We left Mbotyi River Lodge early one morning in the company of a bunch of peevish elves that had settled somewhere deep inside the Isuzu. They yelled and squealed every time we hit a pothole. I played some Jimi Hendrix to shut them up and then we nestled in behind a very slow, old vehicle called a “Grim Boy Pleasure Bus”, which was holding fast in the slipstream of its brother, called “Grim Boy wa Bantu”.

Lusikisiki (say it softly and you can hear the wind sliding through summer grass on Pondo hills) was waking up. A man was leading a goat to slaughter, and the animal strained at its leash as they quickly crossed in front of us. A small sign said:

“Welcome to Las Vegas. Decent Accommodation For You.”

The minibuses gathering like flies in the town bore names like “Lady Luck”, “After Tears” and, in the words of both Cat Stevens and John Lennon, “Love Is All”.

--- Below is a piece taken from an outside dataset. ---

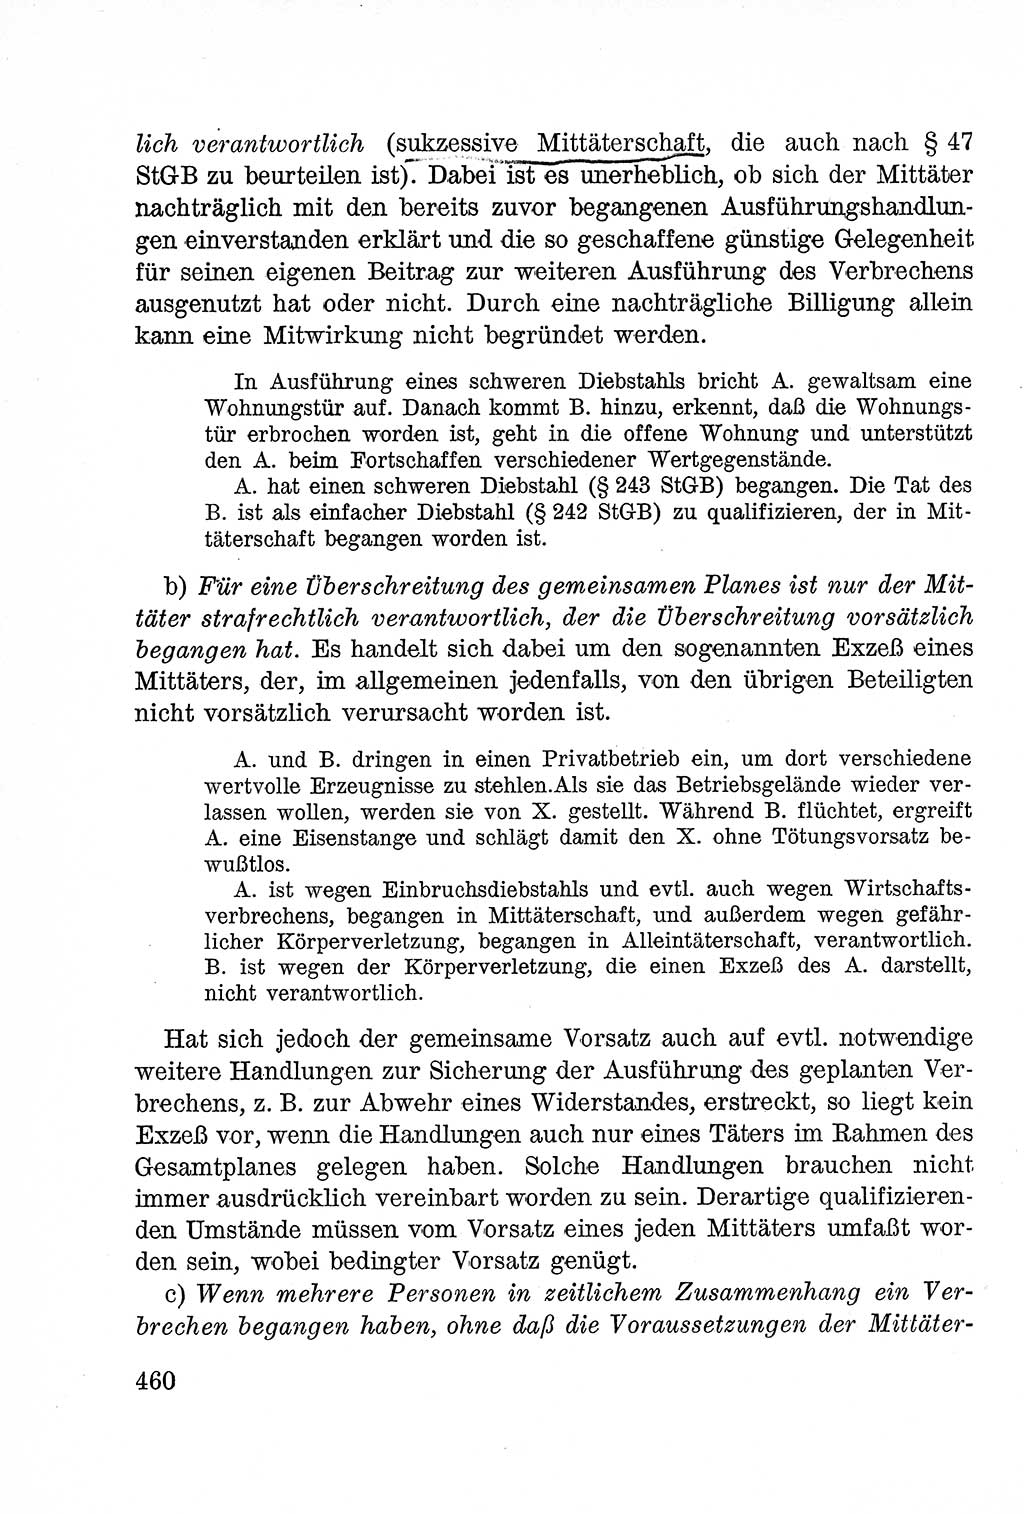 Lehrbuch des Strafrechts der Deutschen Demokratischen Republik (DDR), Allgemeiner Teil 1957, Seite 460 (Lb. Strafr. DDR AT 1957, S. 460)

Just outside Flagstaff we passed an ambulance with its siren on Howl, a cabal of police cars with their blue lights on Flash, and a crippled soft-drinks pantechnikon resting on its side in the Tilt mode. The sweet smell of Fanta Pineapple filled the air, and the outskirters of Flagstaff began to gather. Nothing yummier than roadside loot in Africa.

Flagstaff at peak hour was like a splash of Jo’burg in the face. Bizana was not much better. And then we were out of the old Transkei and into the business end of the South Coast, where we stopped for diesel and the worst meaty pie on the planet. I normally always eat my meat pies right up, but this one was not a keeper.